Мы со Стефой смеялись при мысли, что мадам Мабий предпочла услать дочь за границу, лишь бы не позволить ей играть в теннис смешанными парами, а та выходила по вечерам одна с мужчиной — незнакомцем, иностранцем, бошем! Первое время она еще заранее справлялась, о чем пьеса. Но судя по последующим письмам, Заза быстро освоилась. Она слушала лекции в университете, ходила на концерты, в театры, музеи, подружилась со студентами и с Хансом Миллером, приятелем Стефы, которая дала ей его адрес. Поначалу Ханс нашел ее такой чопорной, что, смеясь, сказал: «Вы прикасаетесь к жизни в лайковых перчатках». Эта фраза очень уязвила ее, — и она решила снять перчатки.

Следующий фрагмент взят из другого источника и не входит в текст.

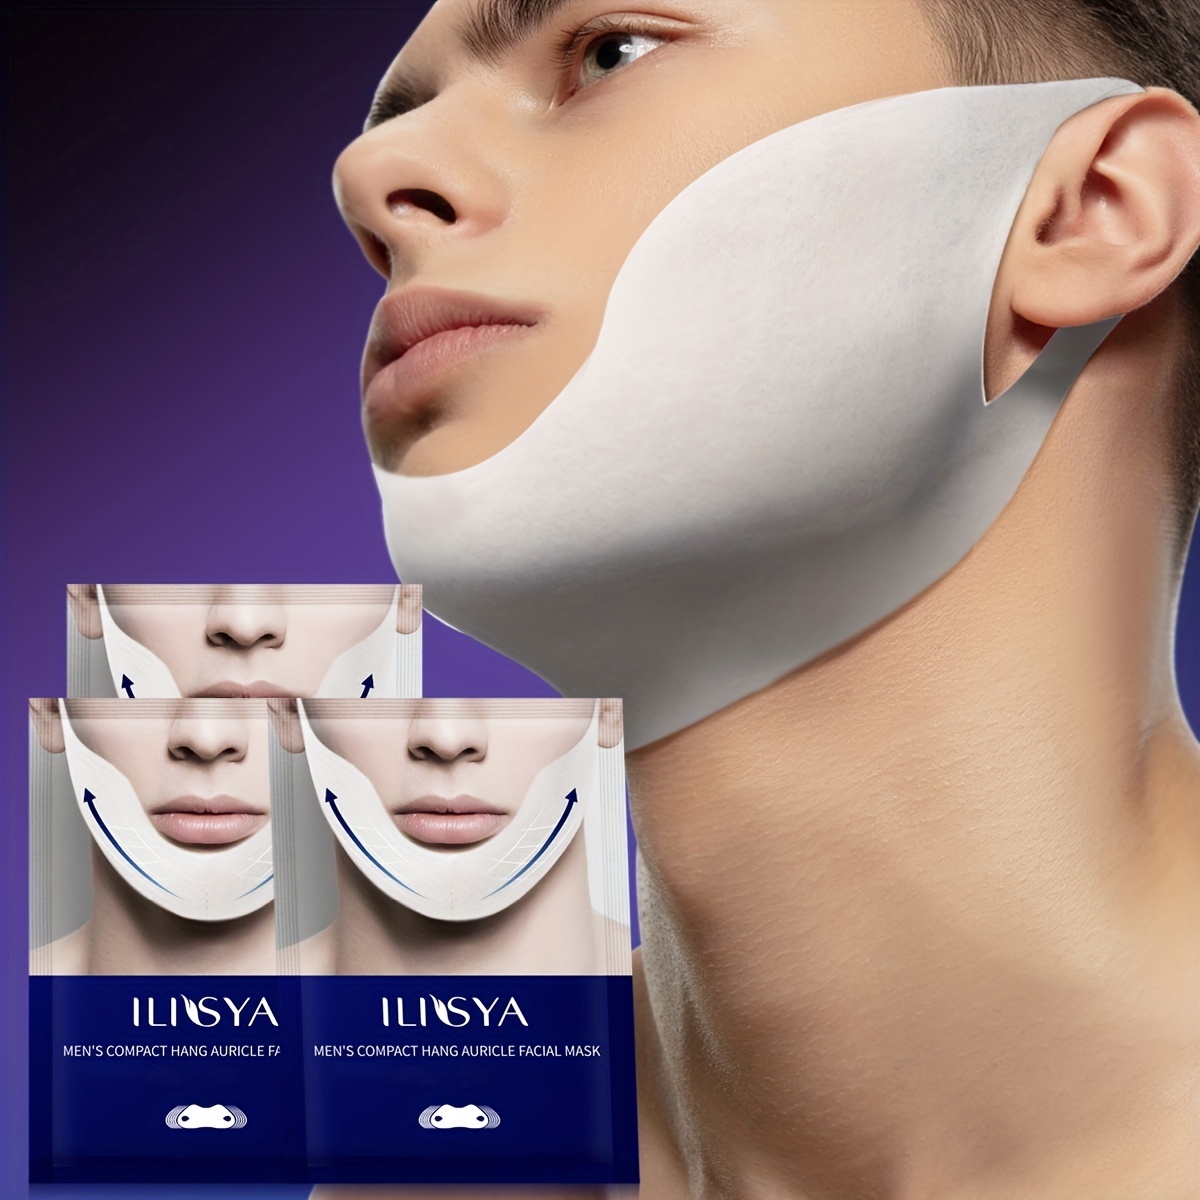 yinguo face-lift mask facial lifting belt compression chin cheek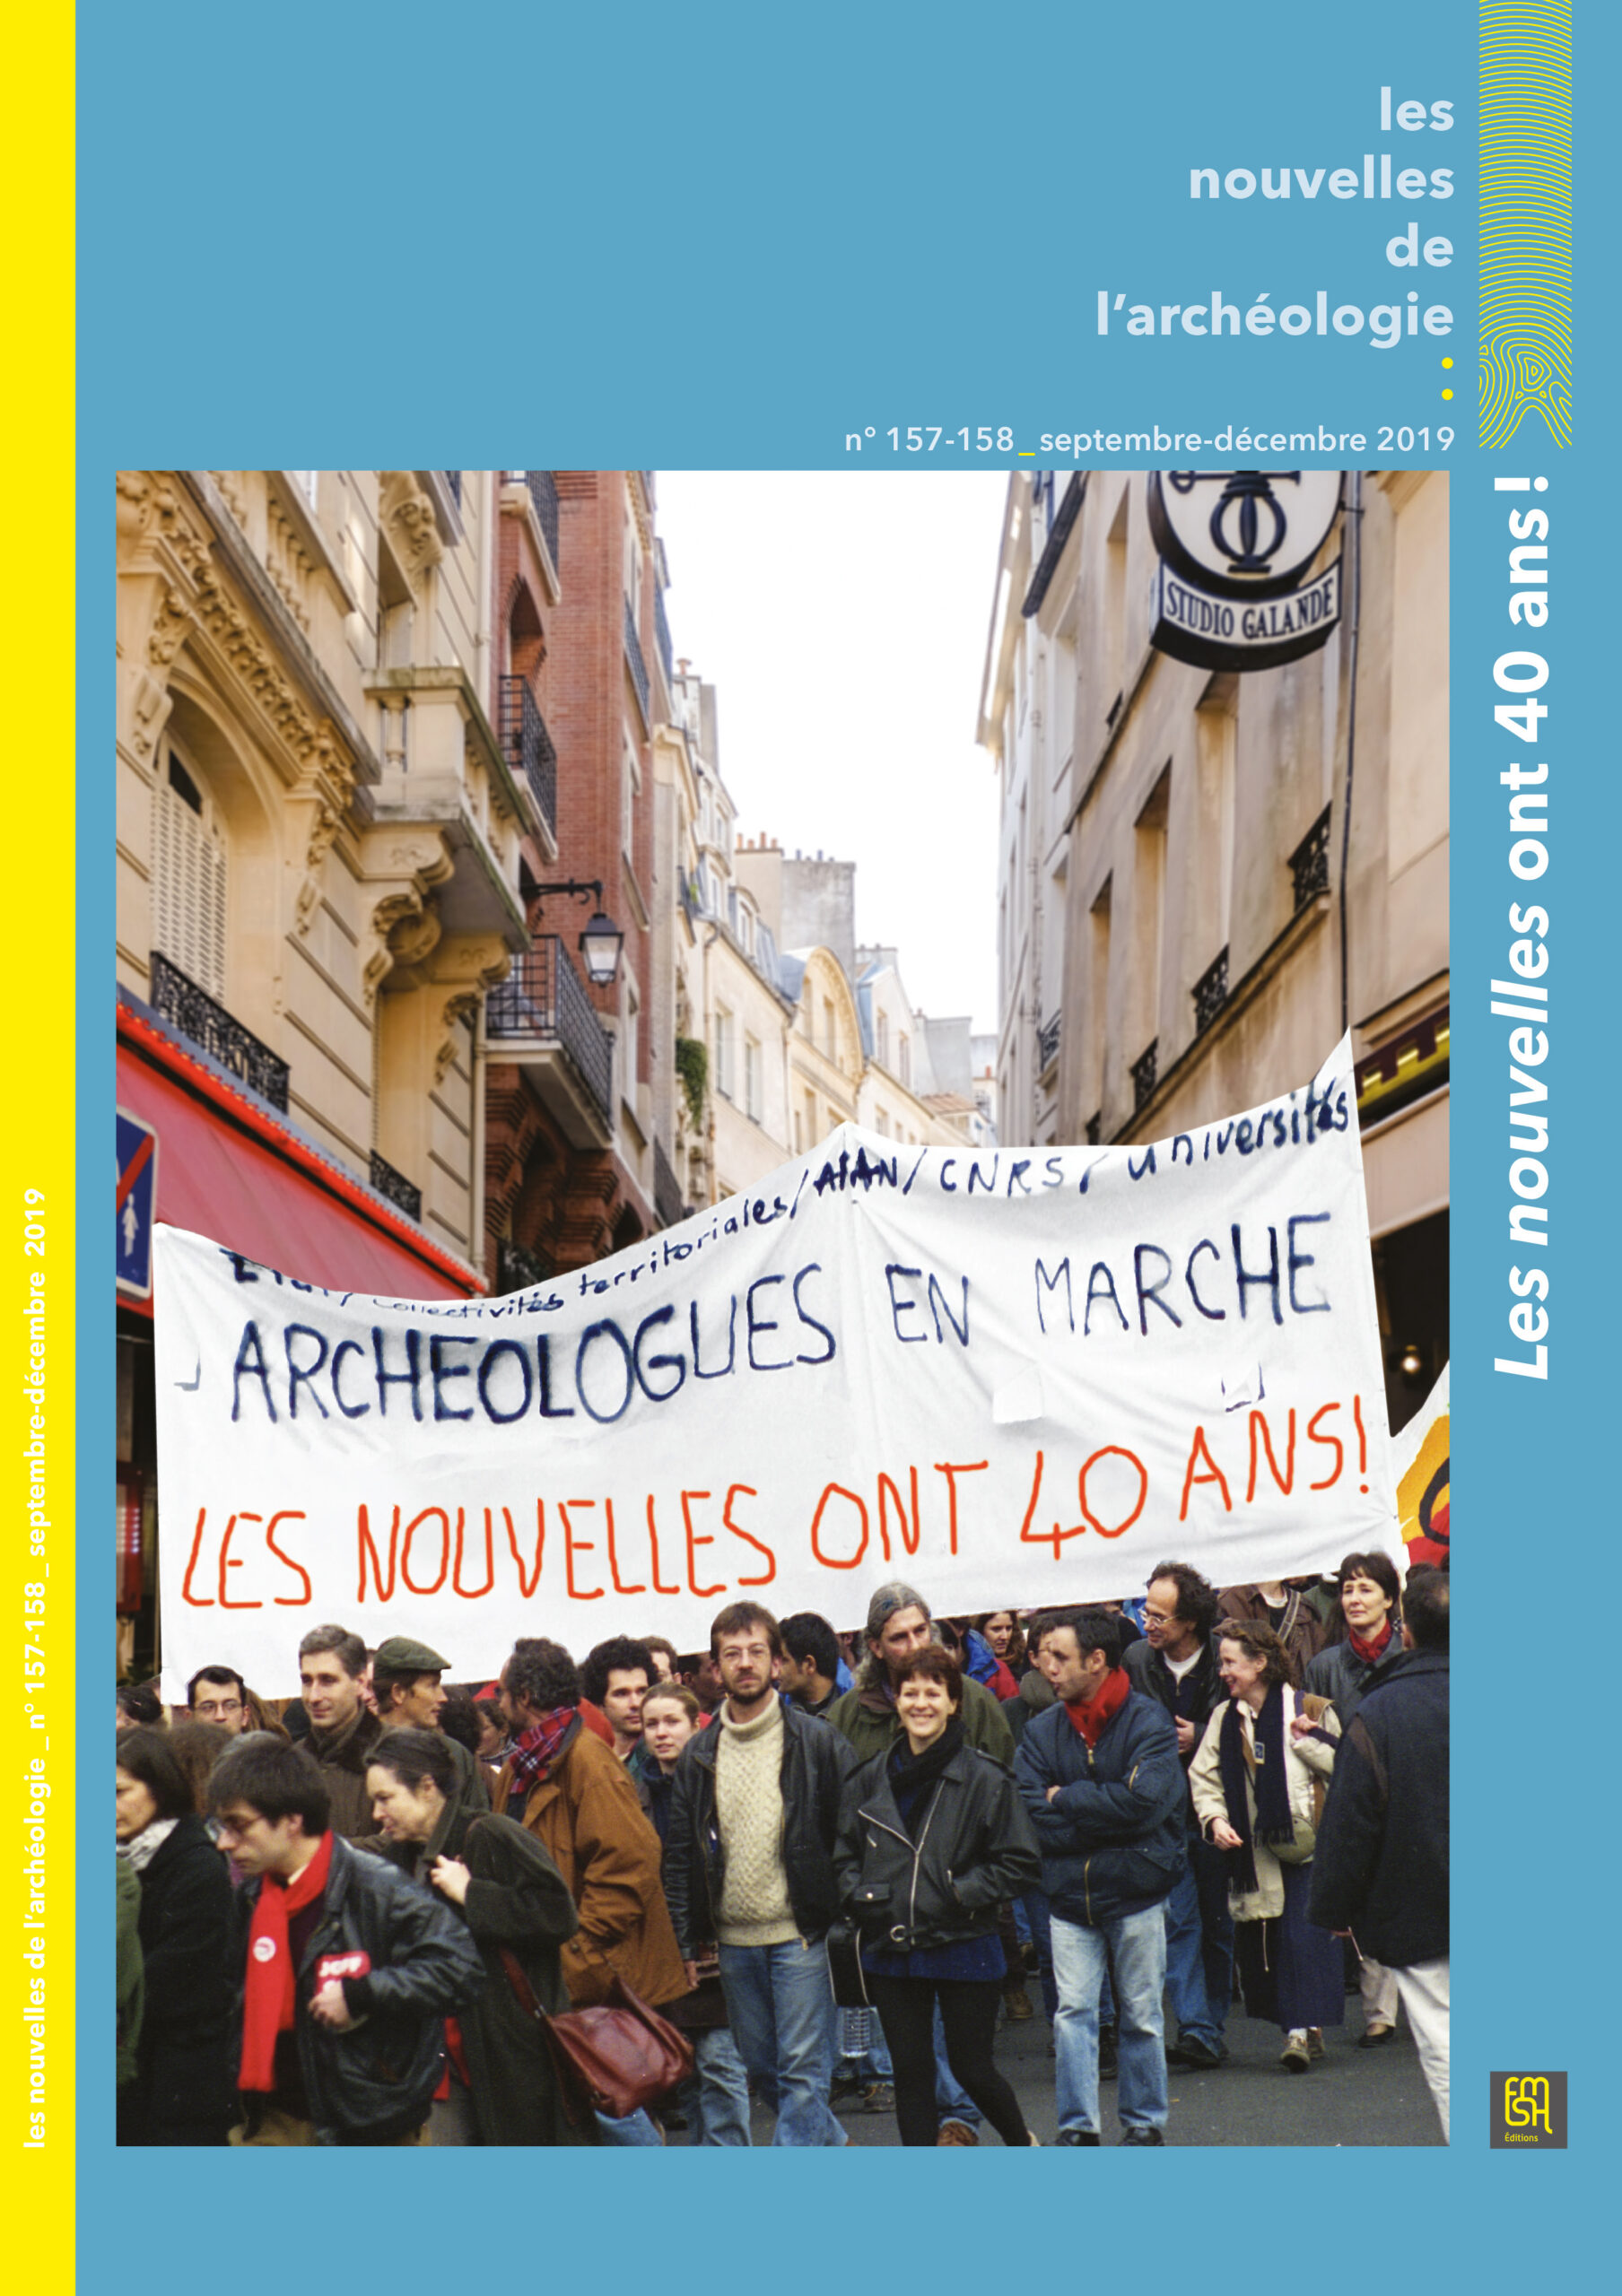 Les Nouvelles de l'archéologie (les), n° 157-158, septembre-décembre 2019

«Я вижу столько новых людей, из разных стран, разных кругов, такие несхожие типы, что чувствую, как все мои предрассудки уносит прочь, и я уже сама не знаю, принадлежу ли к какому-либо кругу — и к какому именно. Мне случается утром завтракать в посольстве с известными дипломатами, с блистательными женами послов Бразилии или Аргентины, а вечером обедать одной у Ашингера, в дешевом ресторанчике, бок о бок с каким-нибудь толстяком-служащим и греческим или китайским студентом. Я не замкнута ни в какой группе, никакая дурацкая причина не может вдруг мне помешать сделать что-то, что мне интересно, нет ничего невозможного или неприемлемого, и я с восторгом и доверием воспринимаю все то новое и неожиданное, что приносит мне каждый день. Вначале меня заботили формальности; я спрашивала у людей, что «принято делать», что «не принято». Люди улыбались и отвечали: «Каждый делает, что хочет», — и я усвоила этот урок. Теперь я веду себя хуже, чем какая-нибудь польская студентка: выхожу из дома одна в любое время дня и ночи, хожу на концерты с Хансом Миллером, гуляю с ним до часу ночи. Он, похоже, находит это настолько естественным, что я испытываю неловкость от того, что все еще изумляюсь этому». Идеи Зазы также претерпевали изменения: постепенно исчезал ее шовинистический настрой. «Больше всего меня поражает здесь пацифизм, более того, франкофильство всех немцев вообще. На днях я была в кино, смотрела пацифистский фильм, изобличающий ужасы войны, — все аплодировали. Кажется, в прошлом году, когда здесь демонстрировали фильм «Наполеон»{256}, имевший бешеный успех, оркестр играл «Марсельезу». В другой вечер в Уфа-Палас публика так аплодировала, что «Марсельезу» повторили трижды при бурной овации зала. Меня бы передернуло, если б до того, как я покинула Париж, мне сказали, что я смогу без всякого стеснения говорить с немцем о войне. На днях Ханс Миллер рассказал мне, как был заключенным, и кончил такими словами: «Вы, наверное, были слишком маленькой, чтобы помнить, но то время было ужасным для обеих сторон, нельзя, чтобы оно повторилось!» В другой раз, когда я ему рассказывала о «Зигфриде и Лимузене»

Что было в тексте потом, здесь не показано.